В ту пору я уже учил «Учительное евангелие» в келийном училище хартофилакса, знал наизусть «Азбучную молитву» и «Пролог». Училище это предназначалось для царских и болярских отпрысков, я был принят в него по ходатайству высокопоставленных наших соседей и соседок, часто навещавших нас ради того, чтобы повидать меня и полюбоваться на мою пригожесть, потому что был я ребенком красивым, «прелестным отроком», как называли меня они. И посейчас помню ещё эти стихи из «Пролога»:
Вы, что ищете красоты души,
любите друг друга и радуйтесь;
вы, что жаждете отринуть грехи свои
и от тления мира сего избавиться,
дабы обрести жизнь райскую… –
и так далее.
В ту пору они потрясали меня, поскольку и я жаждал того же. И, пытаясь подражать великому Константину Преславскому, начал я слагать молитвы в стихах, чаще всего в «божьей горенке», но прятал написанное от родных и близких. Я упивался словами и образами, ими возжигал в душе своей свет и уродству придавал красивое обличье. Не привычкой, а высшей потребностью стало для меня это наслаждение прекрасным. С гордостью думал я: «Ангел Духа святого говорит в тебе, Эню, ликуй и славословь его», — а того не подозревал, сколько страданий и бедствий и горя будут посланы мне этим ангелом.
Ходила в келийное училище и вторая дочь Ивана-Александра. Она пожелала сесть подле меня, к неудовольствию учителя, дьякона Ангелария. Никогда более не встречал я такой благородной и нежной красоты. Не из плоти, из фарфоровой чистоты и благоуханной духовности была соткана эта царская дочь, и, когда она садилась подле меня, казалось мне, что и сам я становлюсь неземным, что вознесен я на седьмое небо.

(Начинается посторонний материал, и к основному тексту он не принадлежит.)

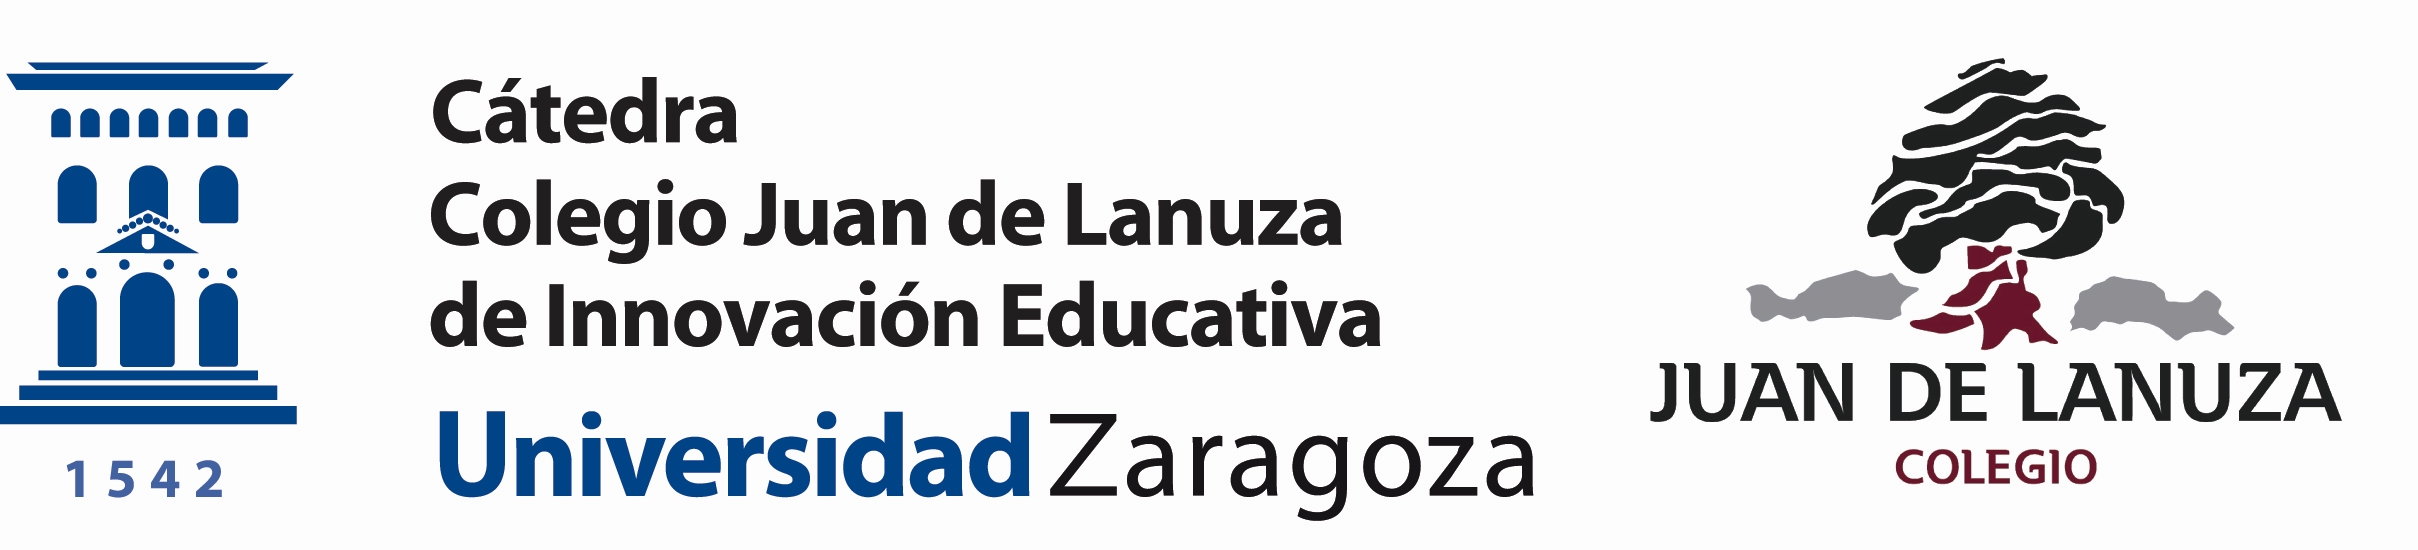 Cátedra Juan de Lanuza de innovación educativa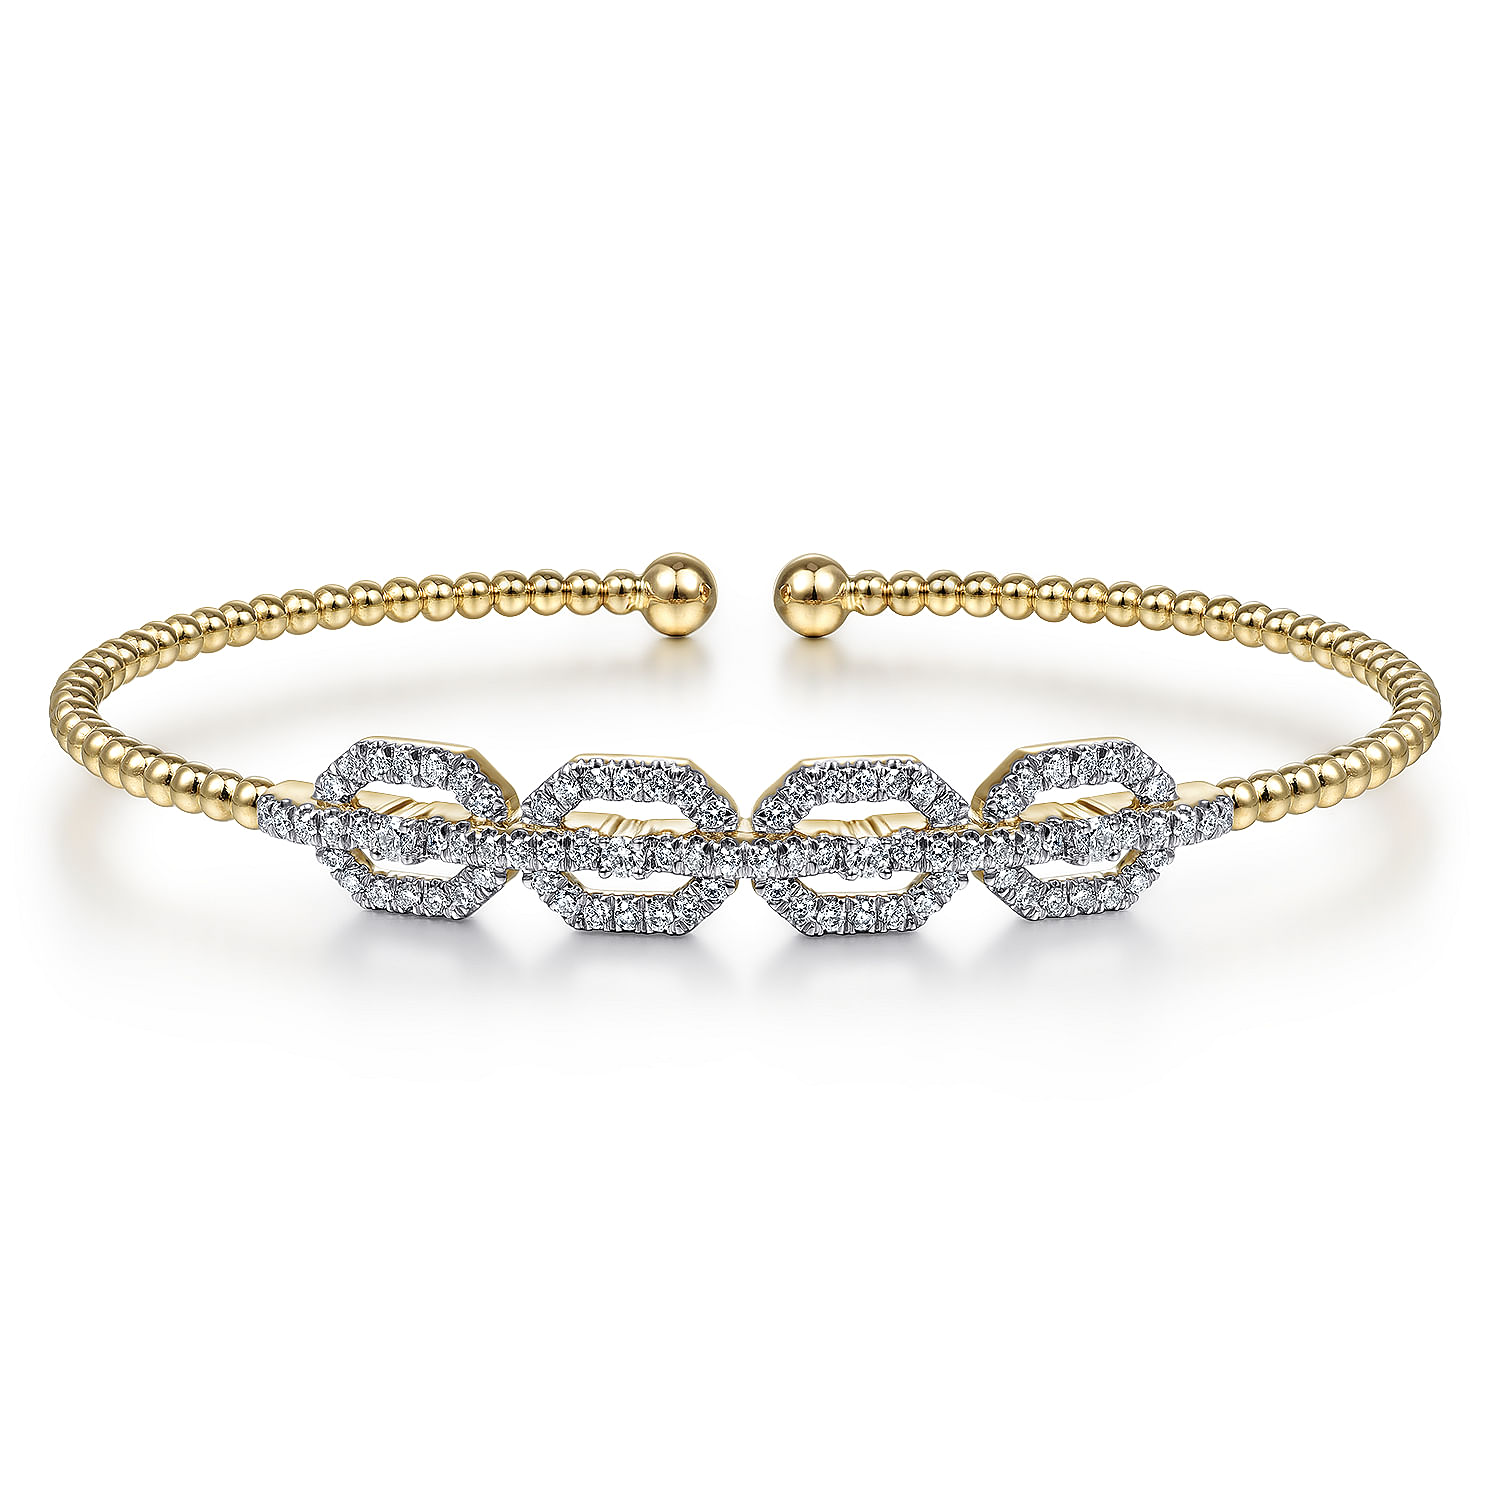 14K Yellow Gold Bujukan Bead Cuff Bracelet with Diamond Pavé Links

А улыбка её! Я назову её жемчужно-белой, как свежий снег, скажу, что цвела она на милом её личике, точно подснежник, и всё равно не сумею выразить словом прелесть её и воздействие на душу мою. Я сравнивал её с белым лучом луны на утренней заре — столь неземной была она и непостижимой. На щеках играли две ямочки, открывалась ровная нанизь зубов, и по лицу белым облачком расходилось сияние души её, наполняя мне сердце восторгом и силой. Мне не нравилось её имя (она была крещена по бабке, царевой матери), и я называл её про себя то Зорницей, то Денницей, неустанно подыскивал для неё новые имена и не мог найти подходящего. Она приходила утром в сопровождении великана Драговола, царского вестового, — когда он нагибался, чтобы пройти в дверь училища, в комнате становилось темно. Он клал на столик писало, мешочек с золотым песком и удалялся, отвесив ей низкий поклон. А я подкладывал ей под ноги красную подушечку, помогал высыпать песок в ящичек и ладонью разглаживал его. А однажды своим простым деревянным писалом начертал на нём:
Звезда Денница на небесах золотой пашет сохой,
царица Денница золотым писалом слова выводит.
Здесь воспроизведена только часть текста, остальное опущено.